Valjean était épuisé, inquiet et malade. Thénardier se pencha vers lui et sourit, mauvais.

« Un petit tour en Enfer avant de disparaître définitivement de la scène. Et si ton petit môme a correctement joué sa partie, il a dû courir chercher ton cogne, hein ? »

Javert allait venir ?

Javert était en danger ?

Oui, Pierre était là, il avait dû entendre les cris et fuir la maison, partir chercher du secours. Il savait où travaillait Javert.

Valjean perdait espoir et son visage s’allongeait. Tandis que le sourire s’étendait largement sur la face maigre de Thénardier, le sergent de Waterloo.

« Ma fille a fait le pet durant plusieurs jours. Azelma n’est pas maligne mais quand il s’agit de bouffer, elle est capable de tenir son rôle. Elle a surveillé ta maison et elle a repéré le manège avec ton cogne et ton môme. Ta servante est chez ta baronne de fille. Tu es seul à la maison. Il ne manque que ton cogne. Et je pourrai faire payer la note !

- Qu’est-ce que tu veux Thénardier ? De la thune ? Je peux.... »

Un mot de trop. Valjean le paya d’un coup de matraque bien placée en pleine épaule. Brutal. Le forçat haleta, sous le choc et la douleur.

La matraque revint et se plaça vicieusement sous sa gorge, le forçant à relever la tête et l’empêchant de respirer.

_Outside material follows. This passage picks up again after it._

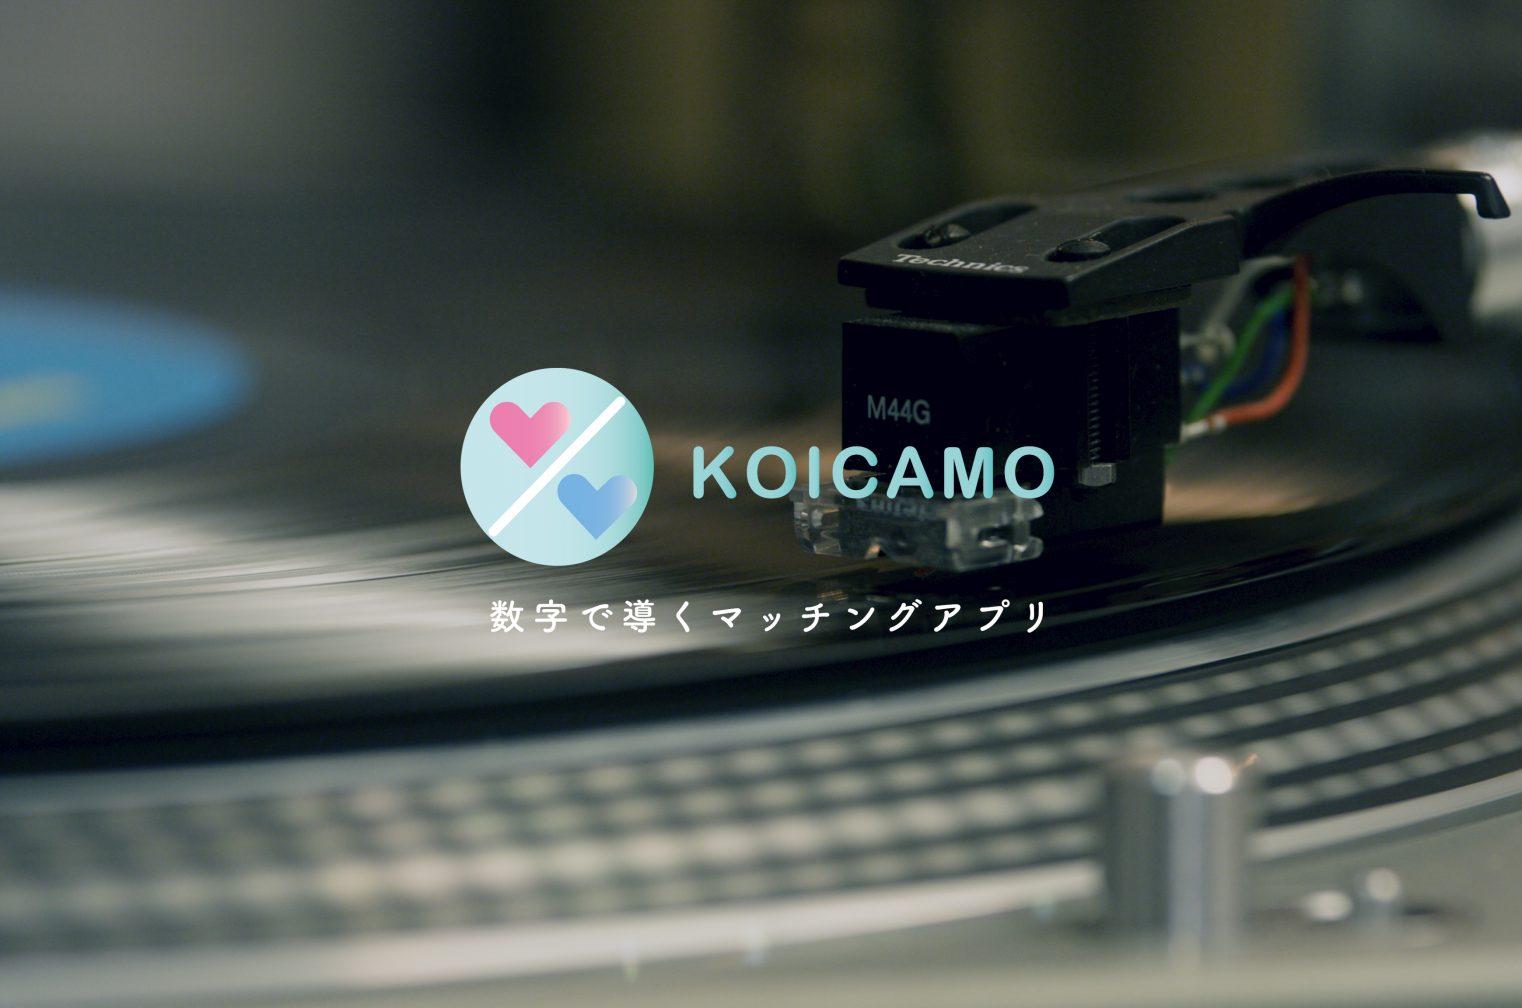 架空のCM『KOICAMO』の出発点となった、マッチングアプリの広告映像の狭さ【bacter】

« Ta gueule Valjean ! TA GUEULE ! De la thune, j’en aurai, t’inquiète ! Il me suffira d’aller voir ta salope de fille et son jobard de mari ! Quelques mots sur le secret du beau-papa, ancien voleur et forçat ! Quelques rappels sur la situation dangereuse du baron de Pontmercy, ancien étudiant des barricades de juin. Tu verras qu’on va les cracher les picaillons [monnaies] ! »

Thénardier était fou.

Valjean le savait maintenant.

Et M. Madeleine se mit à prier désespérément Dieu de sauver l’inspecteur Javert. Car il ne se faisait plus aucune illusion quant à son propre sort.

« Et maintenant, puisqu’un boni est toujours le bienvenu… Tu disais quoi à propos de ta thune ? »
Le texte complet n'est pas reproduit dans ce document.